= 4 January Stadium tragedy =

2017 crowd crush in Angola

The tragedy at 4 January Stadium was a stampede that occurred on 10 February 2017, at the 4 January Stadium in Uige, Angola. The incident happened during a first-division football match in the Angolan Championship between Santa Rita and Recreativo Libolo, when a crush at the stadium entrance caused the deaths of 17 people and injured 58 others.

== The events==
On 10 February 2017, newly promoted club Santa Rita hosted Recreativo Libolo during the first matchday of the Angolan Championship. That day, the 4 January Stadium, which has a capacity of up to 12,000 people, was filled to its maximum as the game began. At the stadium entrance, numerous fans attempting to attend the match, including some without tickets, encountered a security cordon, leading to a stampede. Many individuals were crushed against barriers or trampled, including several children among the victims.

Inside the stadium, the match continued uninterrupted and concluded with the home team's defeat (0–1), while spectators within the stadium remained unaware of the tragedy. Official reports confirmed 17 fatalities and 58 injuries, though medical sources indicated at least 25 deaths.
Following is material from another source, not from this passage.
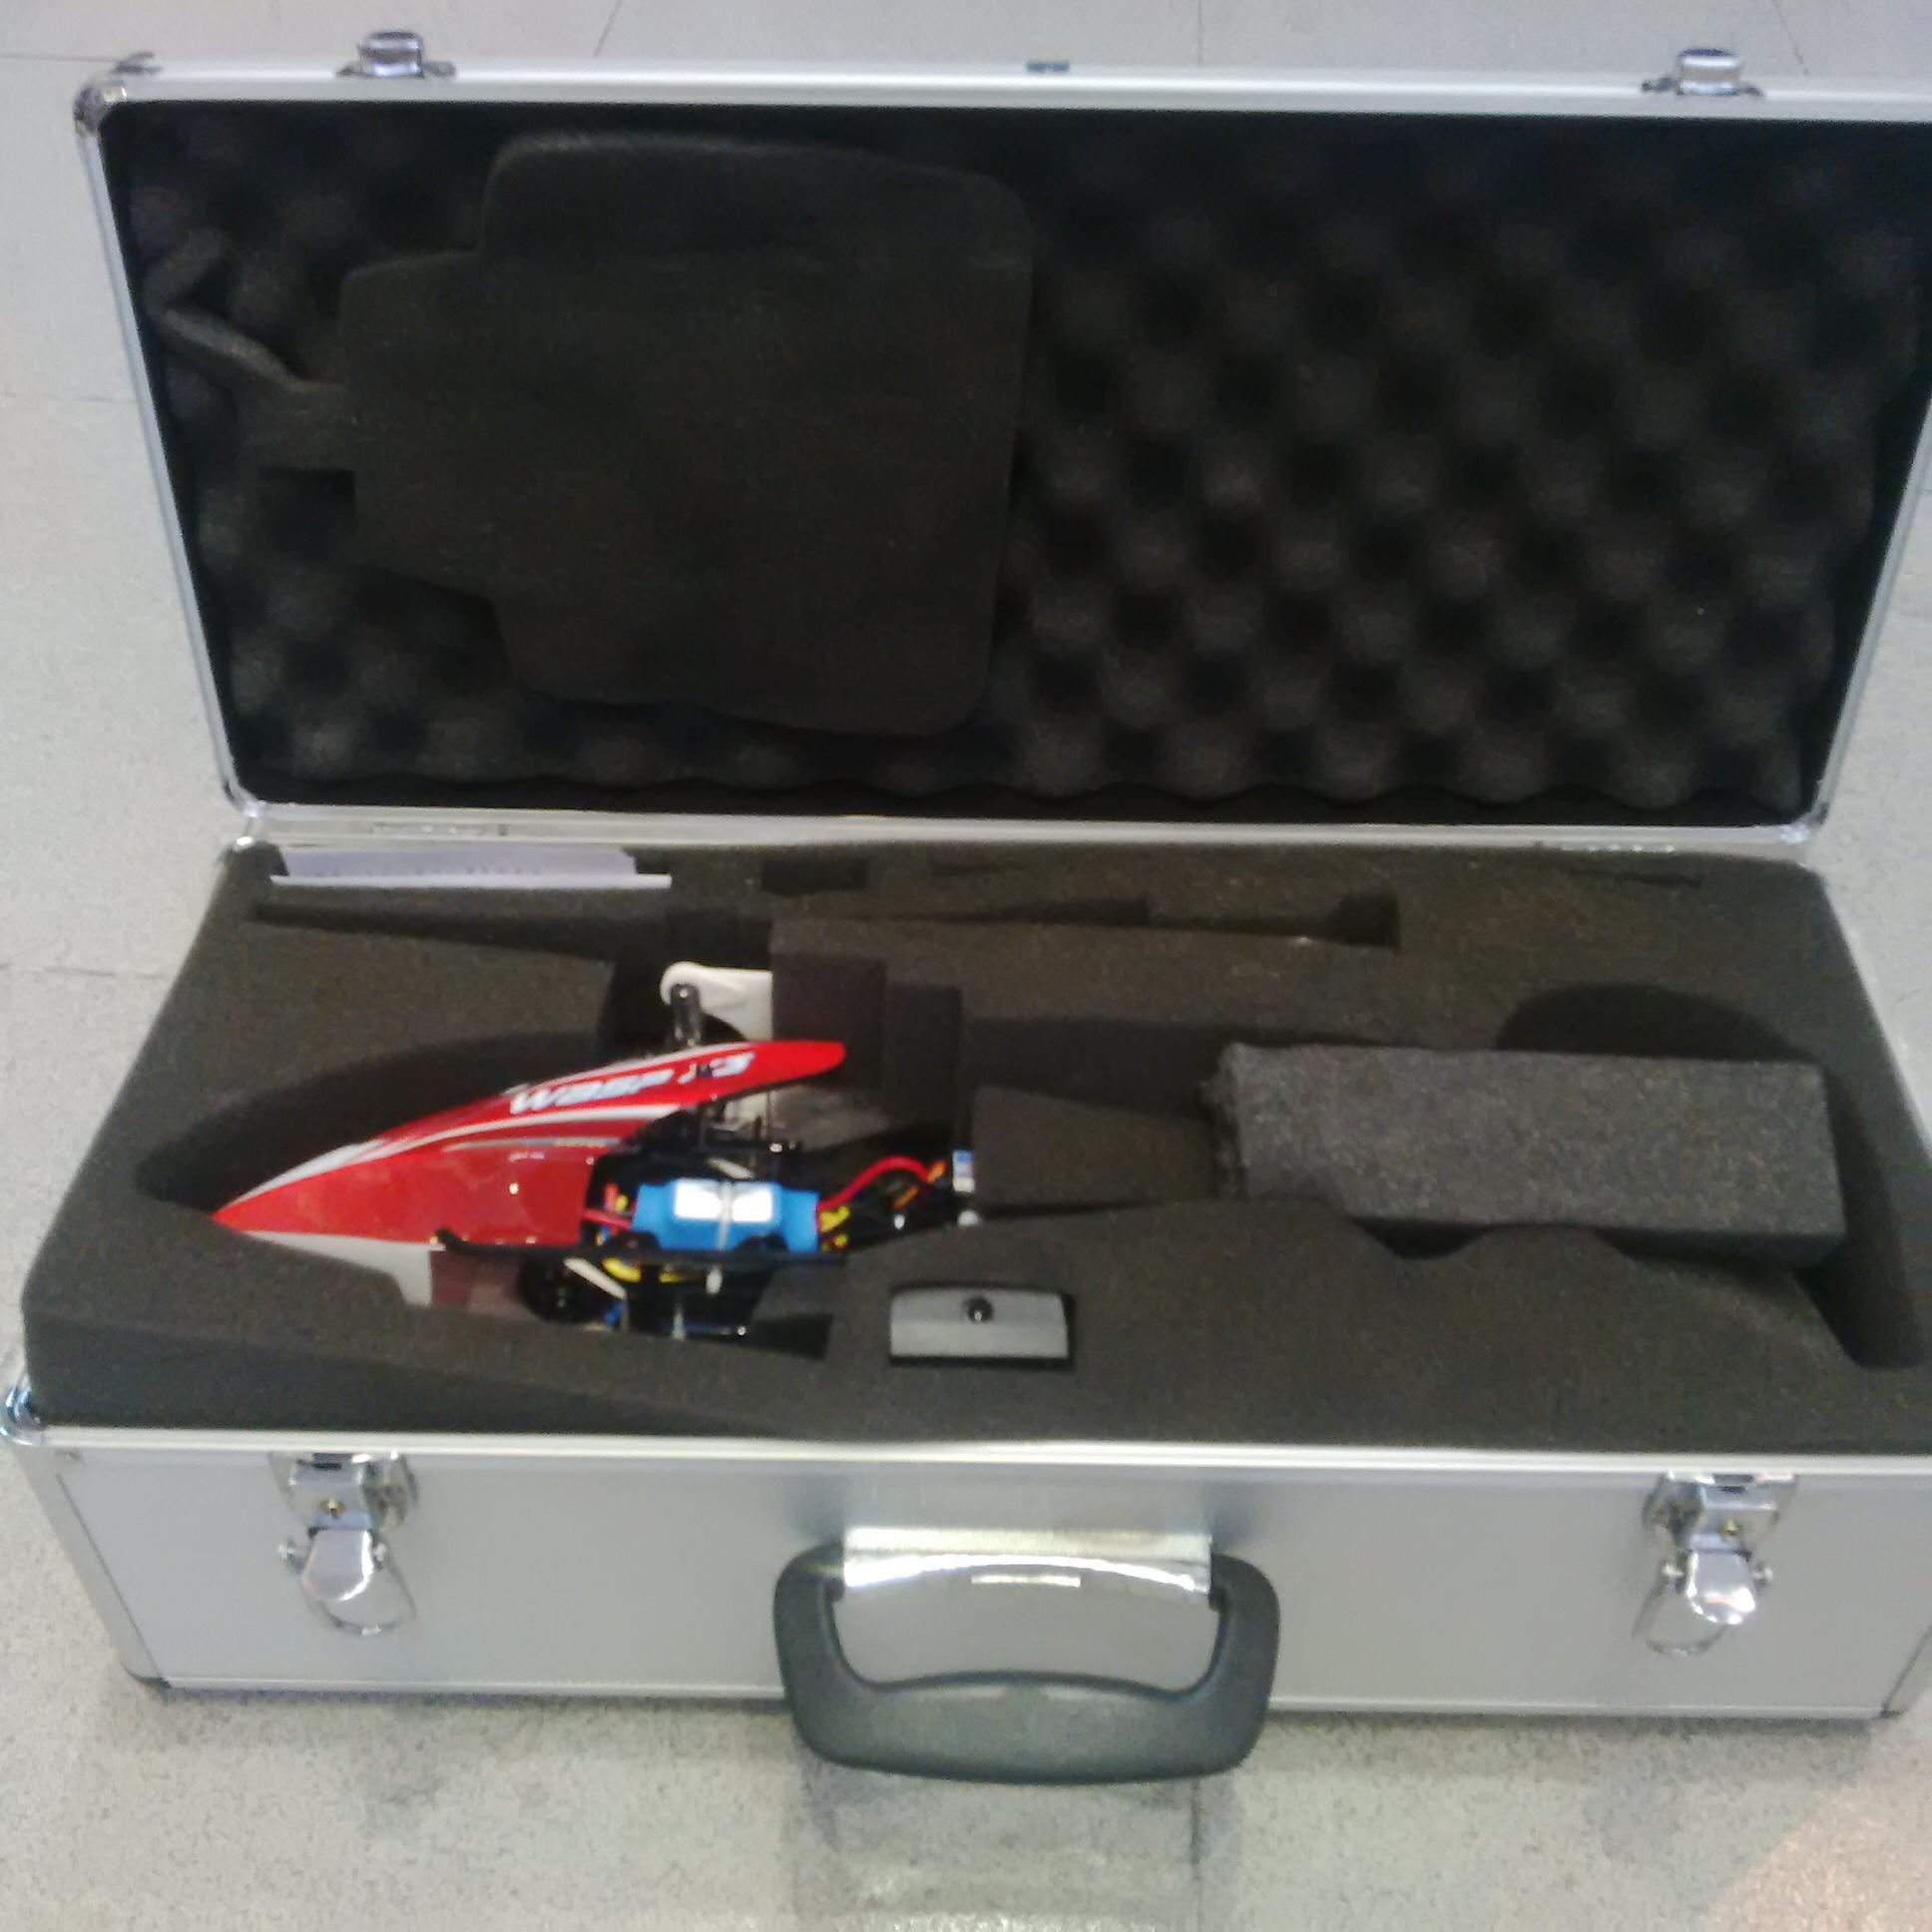 Skyartec Wasp x3v 6ch 3-AXIS Flybarless 2.4GHz RTF (Aluminium Case)
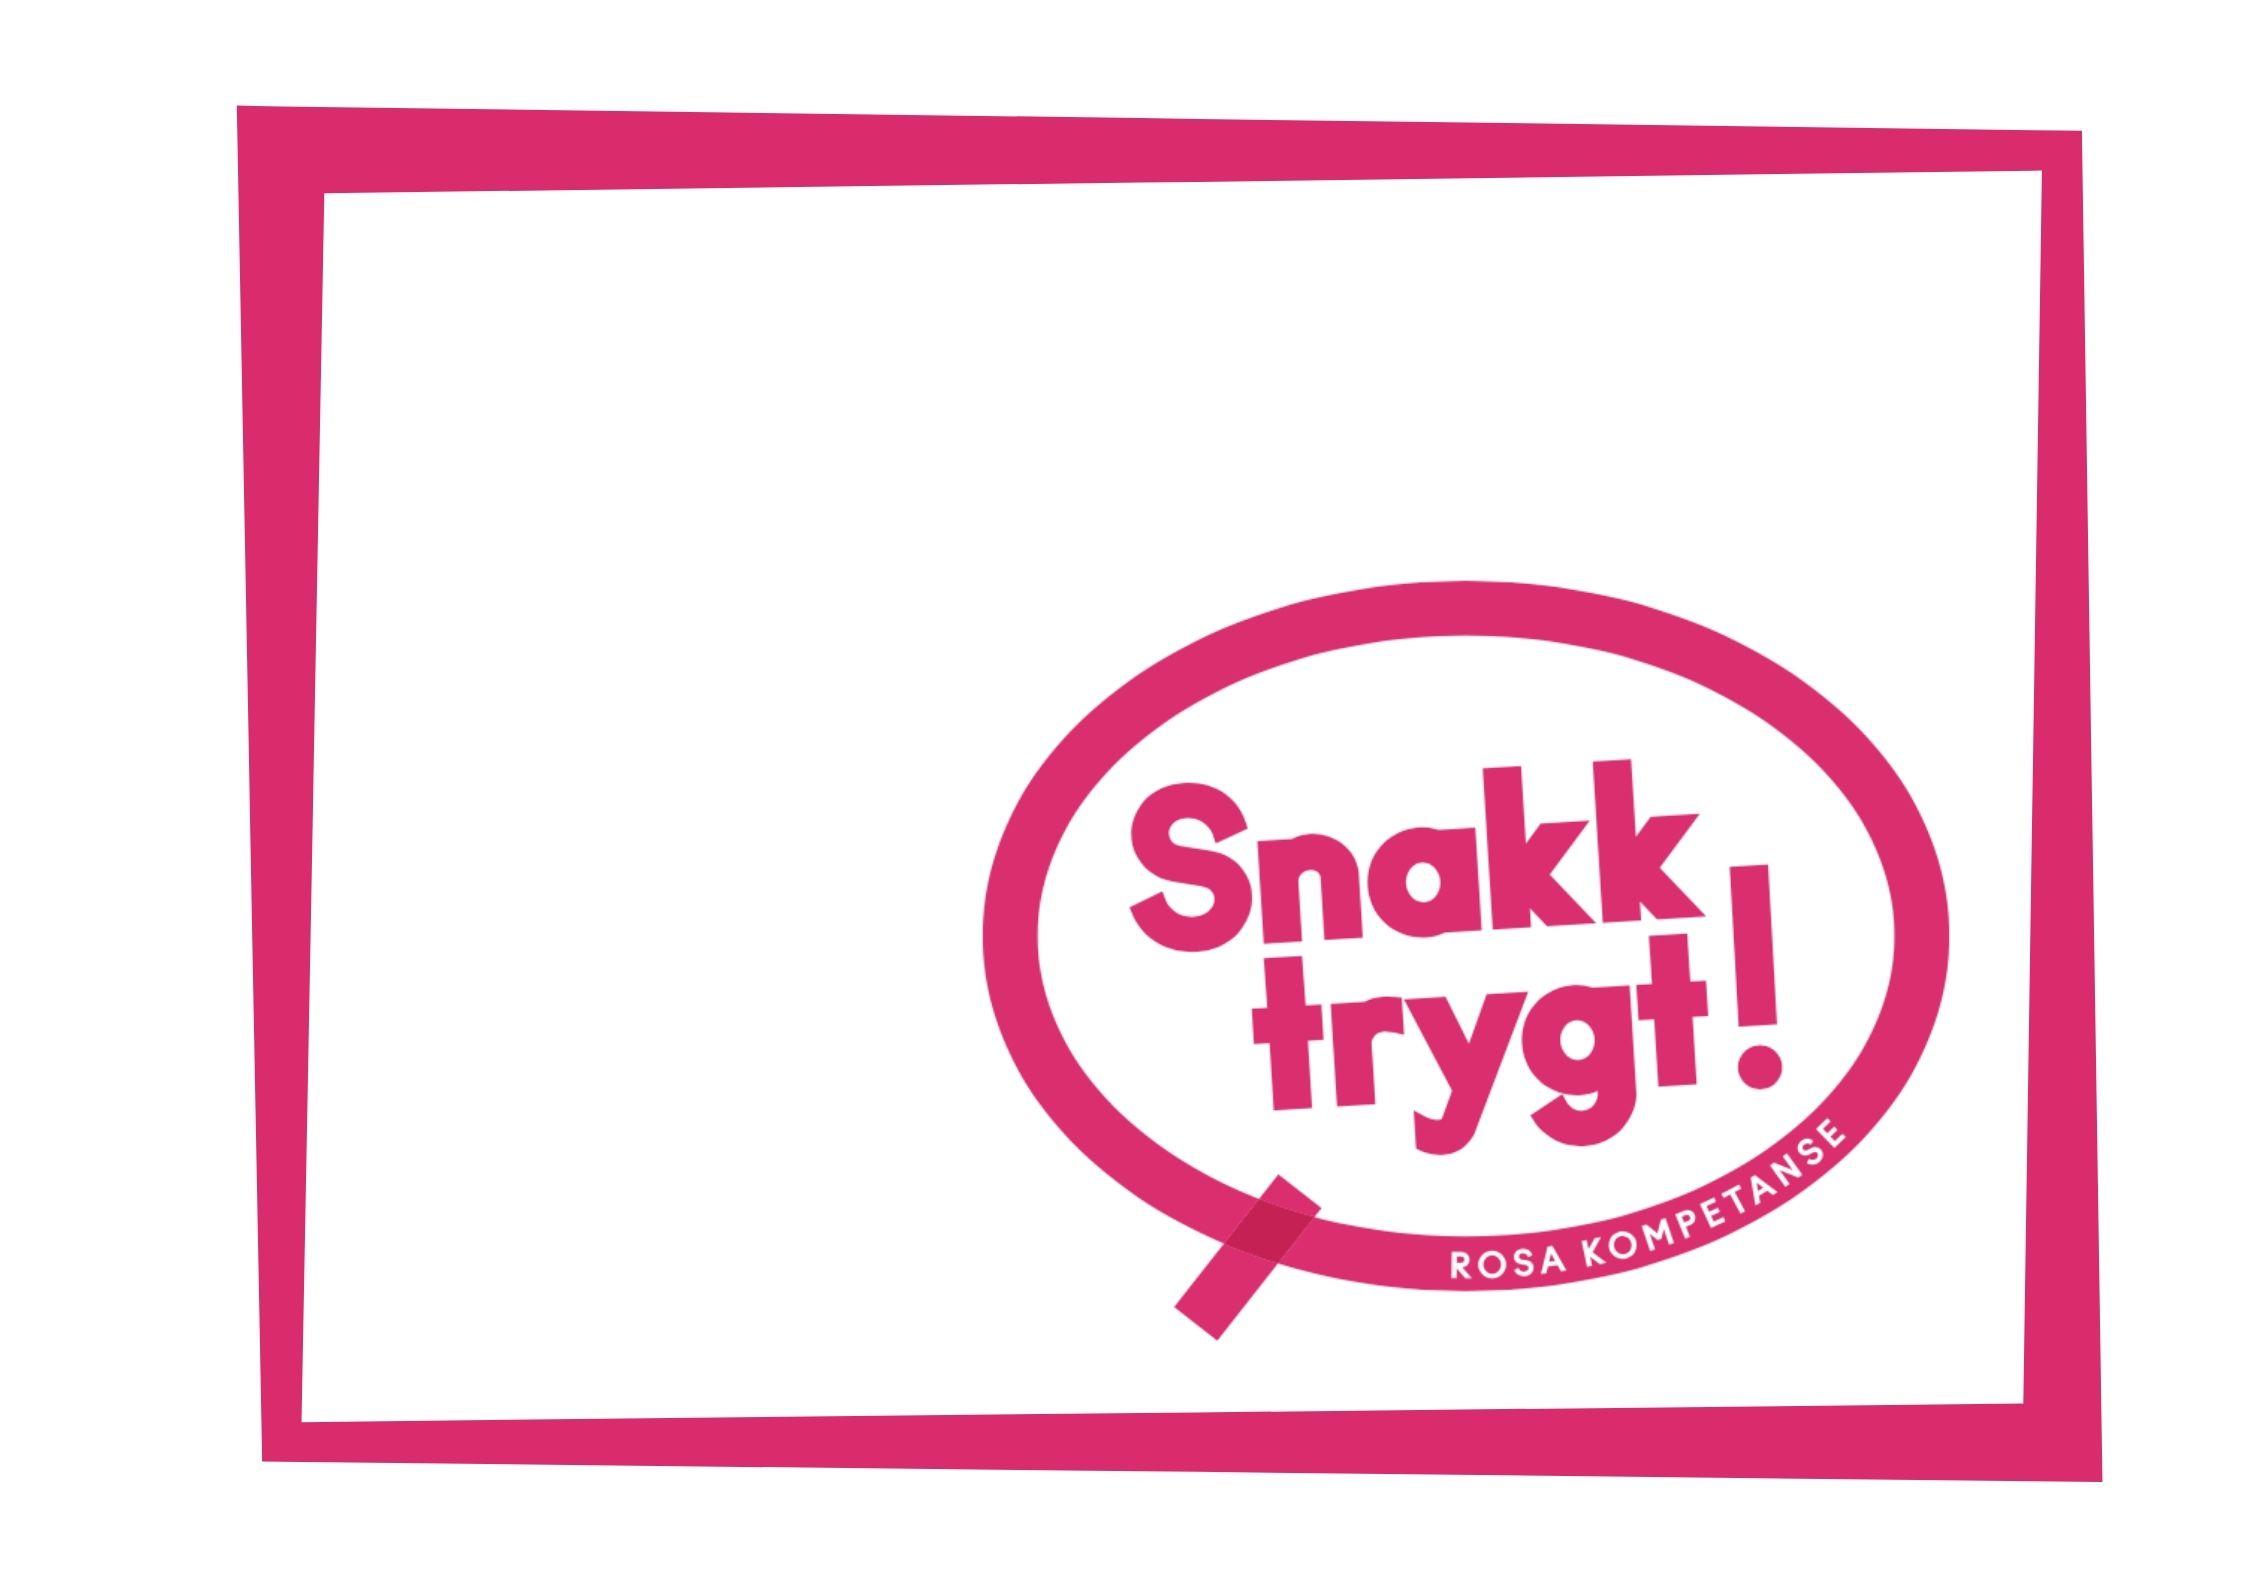 rosa kompetanse-logoen

== Causes and legal proceedings==
Following a request from Angola's Ministry of Sports, the Angolan Football Federation (AFP) and local authorities launched an investigation to determine the cause of the stampede and to implement new safety measures.

Initially, the incident was attributed to the large influx of fans, which reportedly caused the entrance gates to collapse, resulting in the stampede. However, eyewitnesses on site accused security forces of being responsible for the tragedy. Witnesses claimed that police initially allowed small groups of fans to enter without verifying their tickets, while hundreds attempted to push their way into the stadium. Later, the police reportedly tried to disperse the crowd using tear gas, triggering the chaos.

On 21 February 2017, a preliminary investigation by the Angolan Football Federation concluded that the stampede was due to a failure in the security system. On 29 March, a second report by a commission ordered by Angolan President José Eduardo dos Santos determined that the responsibility for the accident was largely shared between the national police, the provincial football federation of Uige, the Santa Rita club, and the stadium management company.

According to the Luxembourg newspaper Le Quotidien, the investigation also highlighted "poor coordination between the AFP and Santa Rita" and a poor "decision by the police commissioner [...] not to open the gates." Although witnesses claimed that the use of tear gas by police was the trigger for the stampede, the report, supported by medical findings, indicated that "the victims did not inhale any harmful substances."

Angolan authorities did not initiate any judicial investigation into the matter.

== Reactions==
The president of Santa Rita blamed the police for the tragedy, accusing them of committing a "serious error" by allowing the crowd to approach the stadium. Meanwhile, Recreativo Libolo summarized the match on their website with the headline: "Three points and a tragic end."

The Angolan Football Federation and the president of the Confederation of African Football (CAF), Issa Hayatou, issued a statement expressing "their condolences to the families of the victims" and wishing "a speedy recovery to the injured."

In a statement, Angolan President José Eduardo dos Santos expressed his sadness and criticized the police, stating, "It was a grave mistake to let so many people approach the stadium."

During the weekend of 11–12 February 2017, moments of silence were observed before professional first- and second-division matches in the Spanish and French championships in memory of the victims.